- [Given data]:

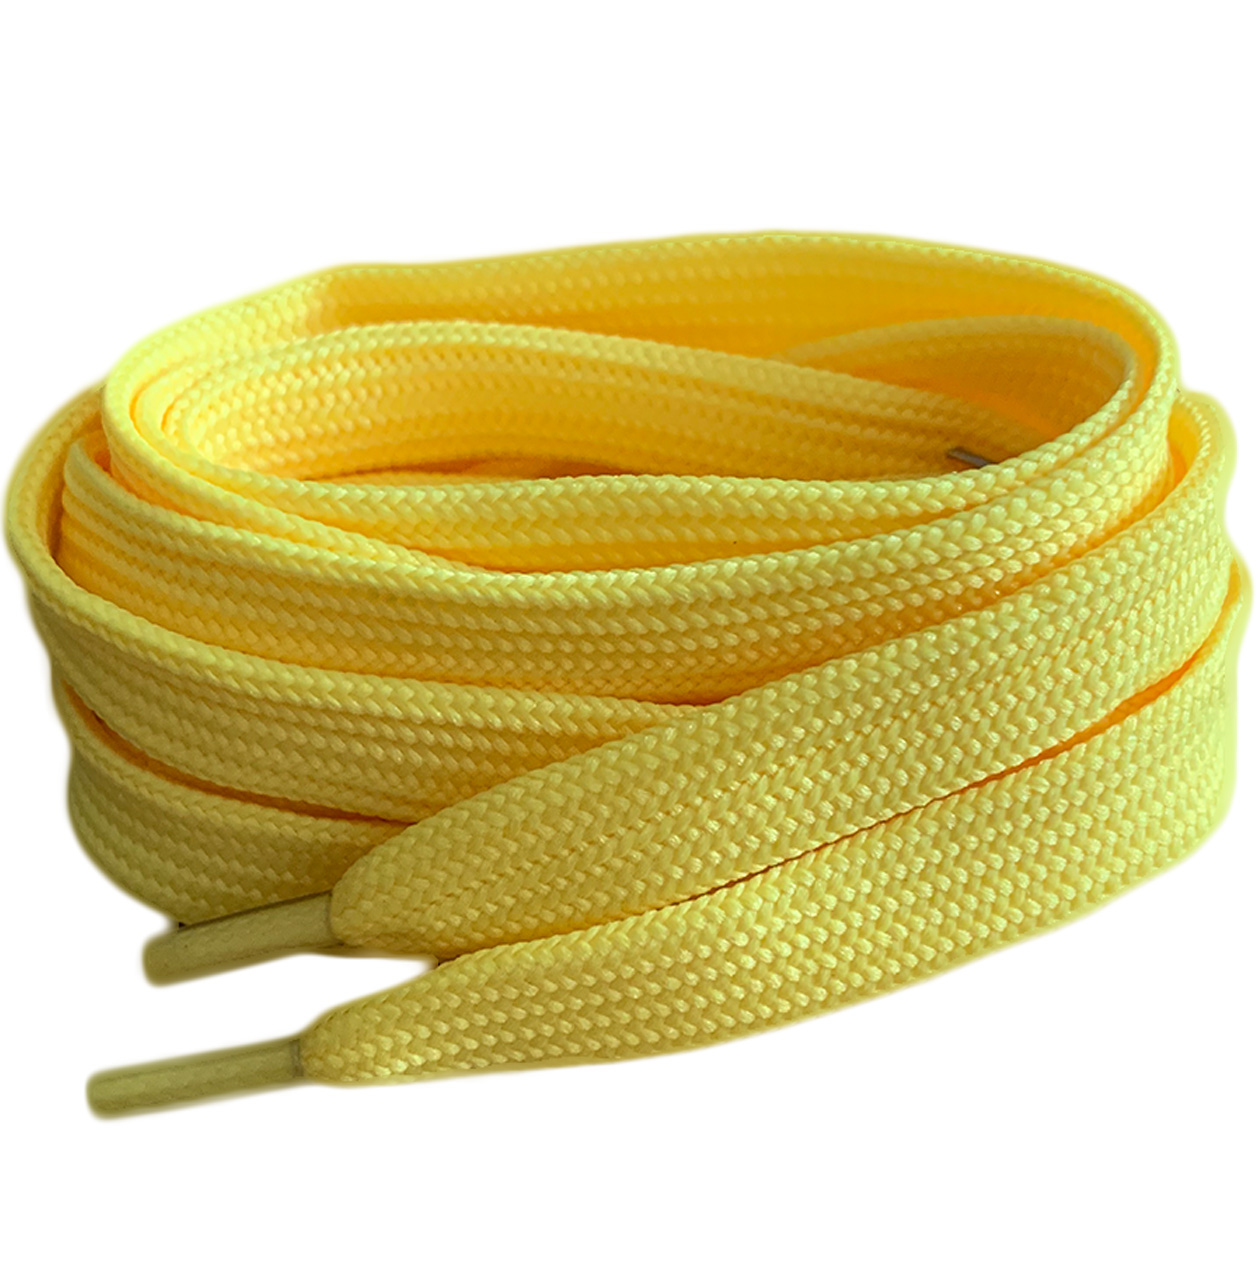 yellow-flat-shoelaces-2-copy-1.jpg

==

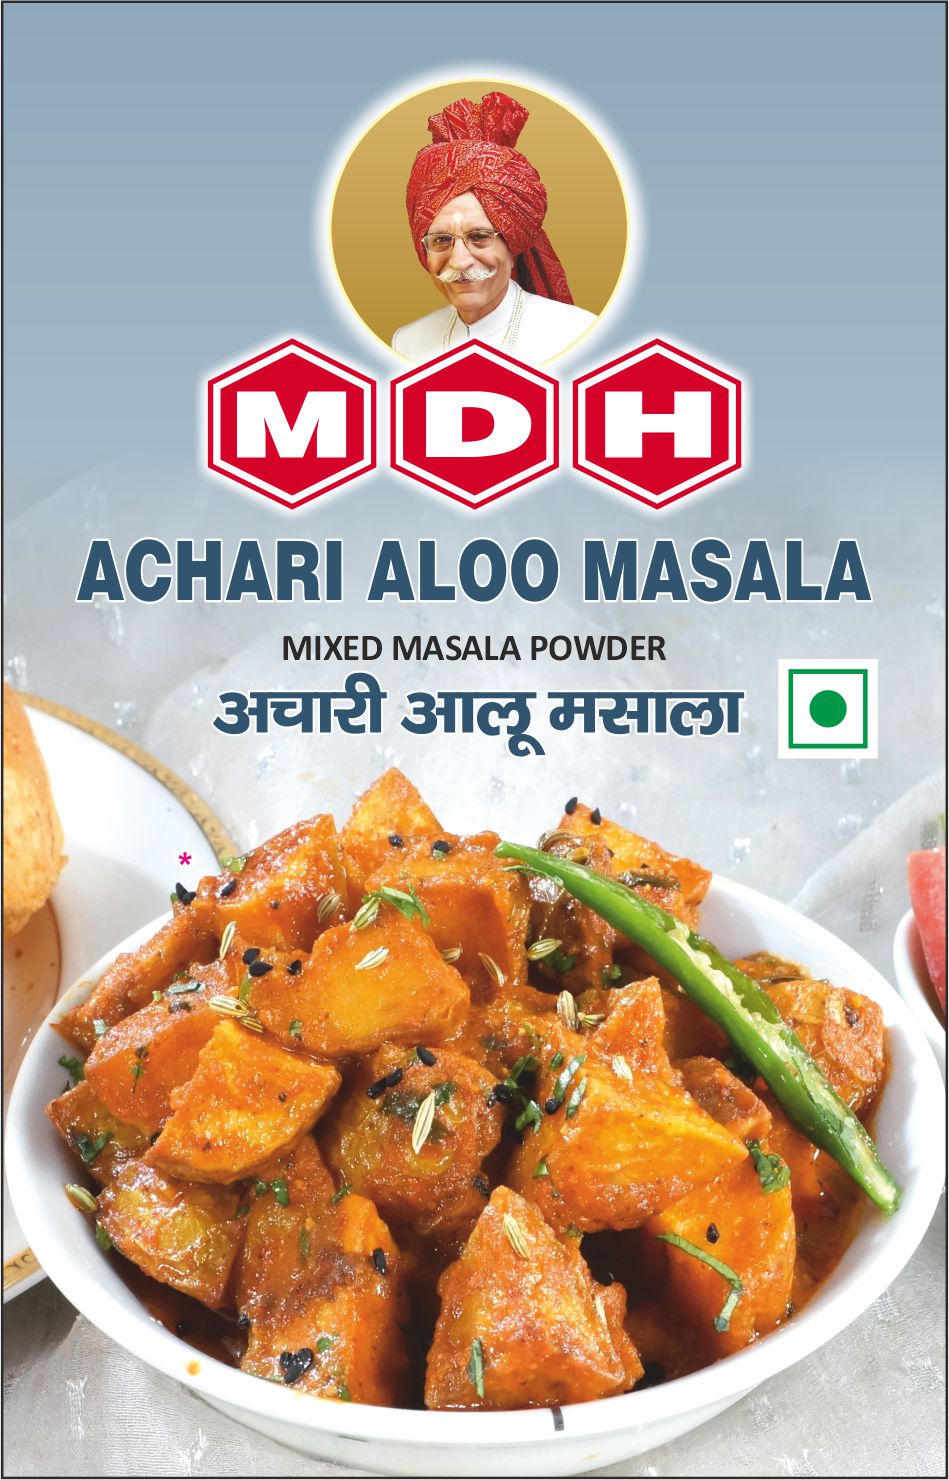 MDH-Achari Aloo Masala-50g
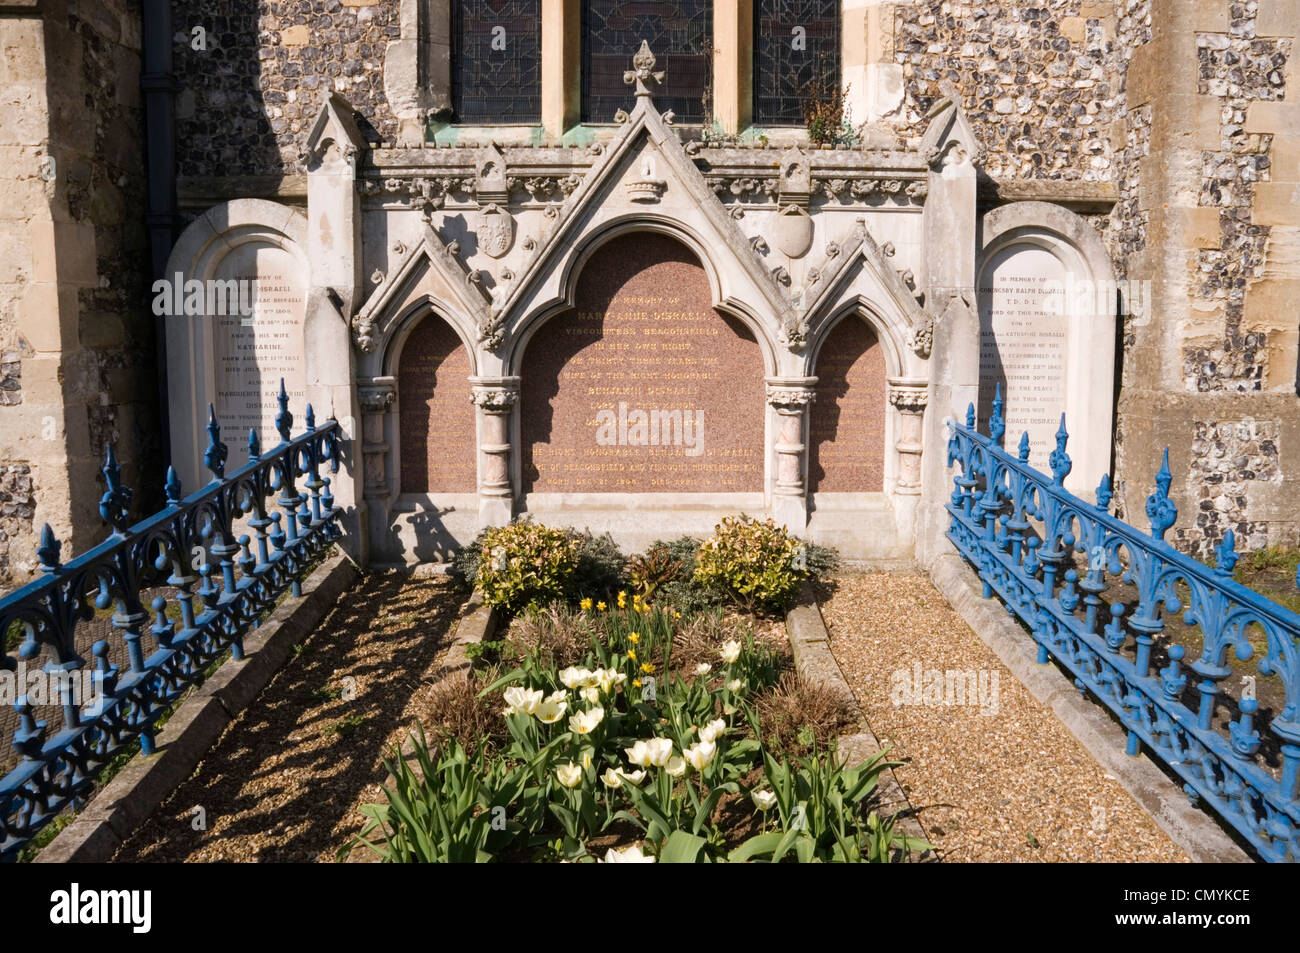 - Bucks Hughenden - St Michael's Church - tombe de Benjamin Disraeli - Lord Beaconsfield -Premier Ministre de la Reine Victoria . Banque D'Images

...

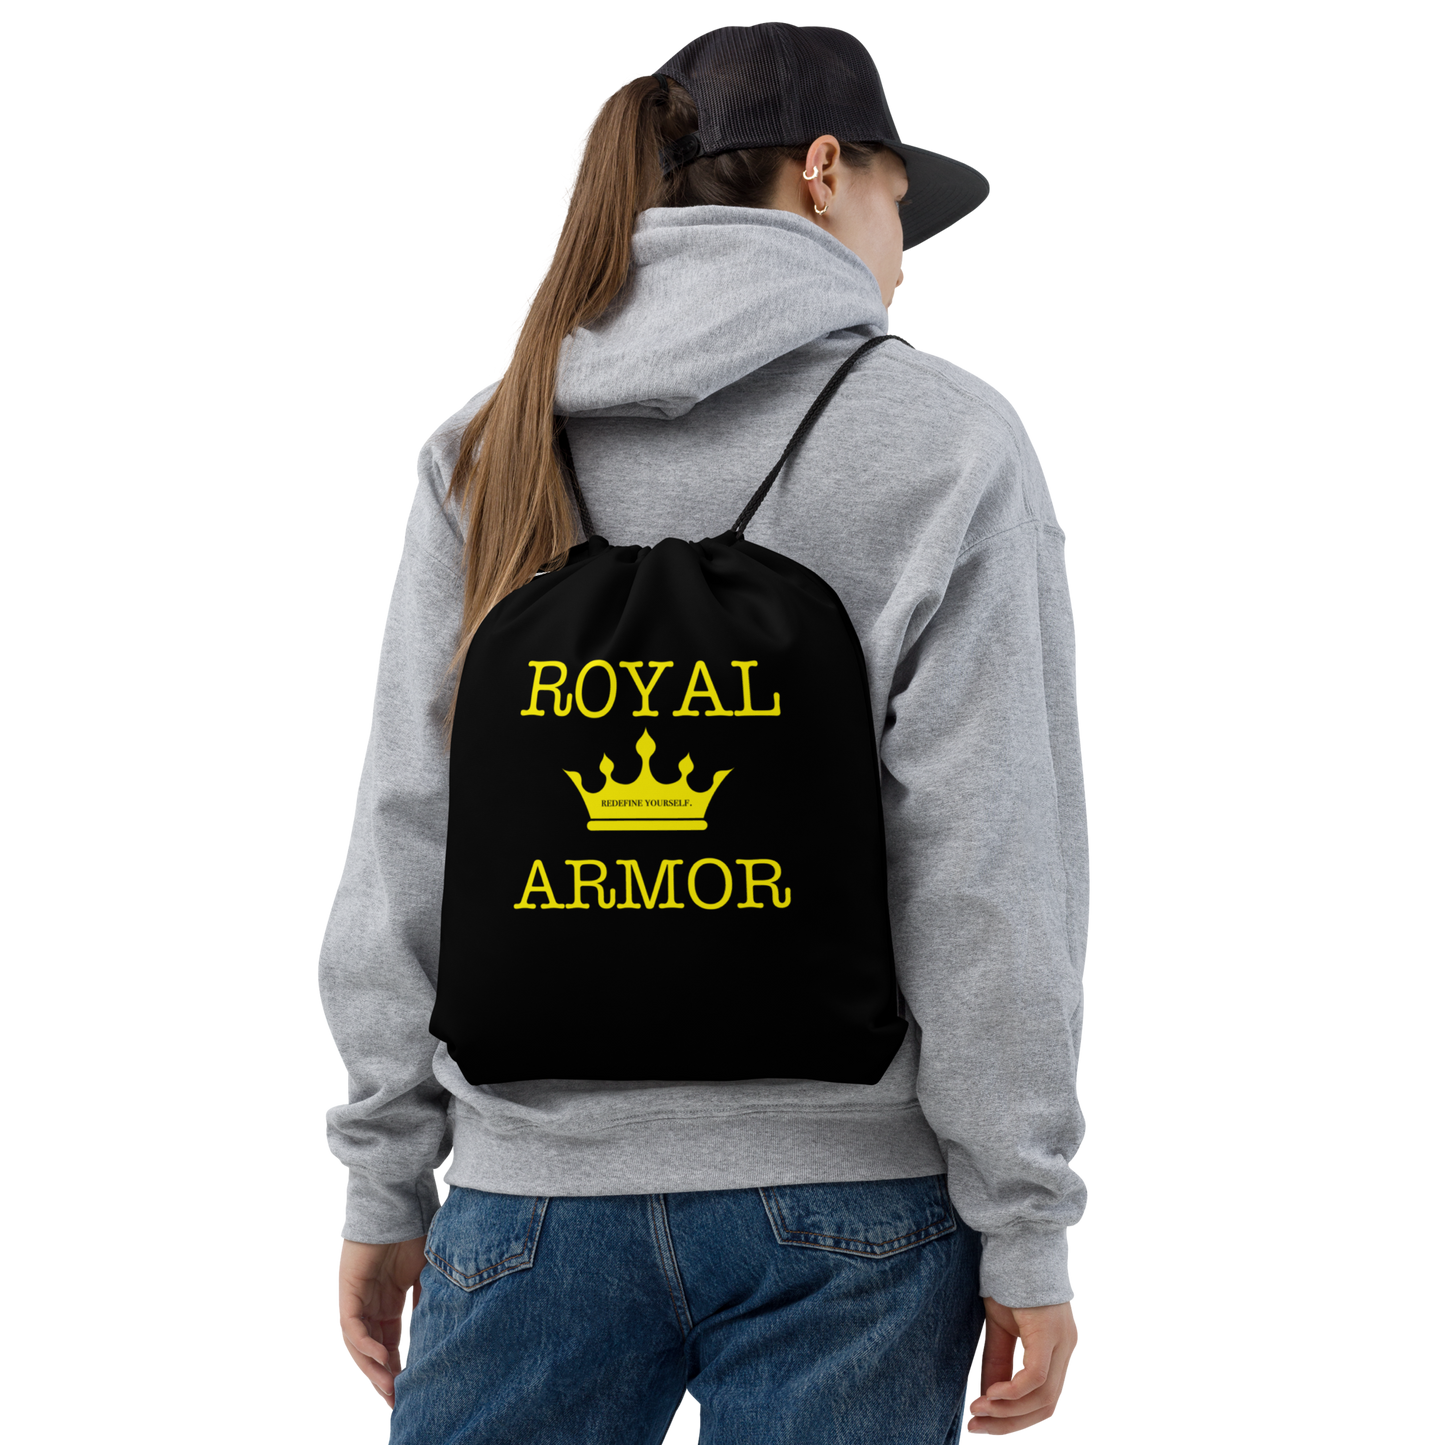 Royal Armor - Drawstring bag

- [Exercise instructions]:
Taking the entries above, extract every line from the one bearing "MDH-Achari Aloo Masala-50g" through the one bearing "- Bucks Hughenden", exactly, with no pictures.

- [Solution]:
 MDH-Achari Aloo Masala-50g
 - Bucks Hughenden - St Michael's Church - tombe de Benjamin Disraeli - Lord Beaconsfield -Premier Ministre de la Reine Victoria . Banque D'Images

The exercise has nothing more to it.